Source information:

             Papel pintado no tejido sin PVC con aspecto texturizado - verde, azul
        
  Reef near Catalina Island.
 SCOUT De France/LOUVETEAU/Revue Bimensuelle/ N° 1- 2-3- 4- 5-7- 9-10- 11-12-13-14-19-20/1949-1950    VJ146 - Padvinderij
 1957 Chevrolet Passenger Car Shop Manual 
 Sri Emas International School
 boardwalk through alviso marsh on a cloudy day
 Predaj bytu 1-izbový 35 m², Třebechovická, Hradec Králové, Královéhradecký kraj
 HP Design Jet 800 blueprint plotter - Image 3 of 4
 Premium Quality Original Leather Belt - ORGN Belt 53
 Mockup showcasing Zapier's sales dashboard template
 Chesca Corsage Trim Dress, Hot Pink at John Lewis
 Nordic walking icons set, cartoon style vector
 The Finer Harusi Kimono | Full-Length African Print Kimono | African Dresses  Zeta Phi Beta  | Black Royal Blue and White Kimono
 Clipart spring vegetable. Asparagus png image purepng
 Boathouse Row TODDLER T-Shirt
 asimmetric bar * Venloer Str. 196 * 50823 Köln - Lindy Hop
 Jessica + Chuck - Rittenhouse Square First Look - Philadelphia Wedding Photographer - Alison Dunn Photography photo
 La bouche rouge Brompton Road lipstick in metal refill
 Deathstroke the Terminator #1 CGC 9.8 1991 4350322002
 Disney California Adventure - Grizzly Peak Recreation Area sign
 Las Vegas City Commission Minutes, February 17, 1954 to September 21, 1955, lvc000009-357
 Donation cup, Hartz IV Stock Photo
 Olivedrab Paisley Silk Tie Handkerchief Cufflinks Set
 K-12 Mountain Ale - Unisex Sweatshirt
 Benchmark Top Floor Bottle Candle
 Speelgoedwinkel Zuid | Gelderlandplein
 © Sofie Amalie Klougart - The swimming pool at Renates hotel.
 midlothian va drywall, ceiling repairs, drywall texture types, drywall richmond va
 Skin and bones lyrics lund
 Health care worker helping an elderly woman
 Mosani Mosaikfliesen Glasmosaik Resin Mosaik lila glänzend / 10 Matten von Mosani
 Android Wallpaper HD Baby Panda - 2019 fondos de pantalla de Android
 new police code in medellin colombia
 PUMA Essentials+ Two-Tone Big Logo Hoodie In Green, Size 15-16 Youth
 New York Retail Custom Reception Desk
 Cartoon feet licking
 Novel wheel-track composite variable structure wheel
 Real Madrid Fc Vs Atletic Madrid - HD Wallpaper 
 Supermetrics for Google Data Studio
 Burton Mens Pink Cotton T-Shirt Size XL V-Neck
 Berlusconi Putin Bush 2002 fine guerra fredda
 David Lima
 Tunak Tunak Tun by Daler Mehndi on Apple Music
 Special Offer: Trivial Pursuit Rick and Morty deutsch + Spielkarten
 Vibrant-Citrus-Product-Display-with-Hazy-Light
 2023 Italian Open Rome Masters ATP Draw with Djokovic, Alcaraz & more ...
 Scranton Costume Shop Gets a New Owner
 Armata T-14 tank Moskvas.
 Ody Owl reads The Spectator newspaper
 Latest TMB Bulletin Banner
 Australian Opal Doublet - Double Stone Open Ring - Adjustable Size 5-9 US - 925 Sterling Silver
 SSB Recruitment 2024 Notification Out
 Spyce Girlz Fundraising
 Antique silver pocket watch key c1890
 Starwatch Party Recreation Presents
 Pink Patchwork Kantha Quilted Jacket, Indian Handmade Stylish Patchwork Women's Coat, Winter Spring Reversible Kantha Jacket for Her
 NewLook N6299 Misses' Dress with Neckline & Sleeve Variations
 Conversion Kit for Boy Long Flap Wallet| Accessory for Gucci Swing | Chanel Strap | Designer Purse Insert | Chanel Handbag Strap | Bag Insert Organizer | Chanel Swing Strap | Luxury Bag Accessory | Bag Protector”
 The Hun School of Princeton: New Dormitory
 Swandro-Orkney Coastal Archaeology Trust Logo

What is needed: Retype, exactly and in full, the lines above from the one containing "Ody Owl reads The Spectator newspaper" through the one containing "Starwatch Party Recreation Presents".

Written answer:
 Ody Owl reads The Spectator newspaper
 Latest TMB Bulletin Banner
 Australian Opal Doublet - Double Stone Open Ring - Adjustable Size 5-9 US - 925 Sterling Silver
 SSB Recruitment 2024 Notification Out
 Spyce Girlz Fundraising
 Antique silver pocket watch key c1890
 Starwatch Party Recreation Presents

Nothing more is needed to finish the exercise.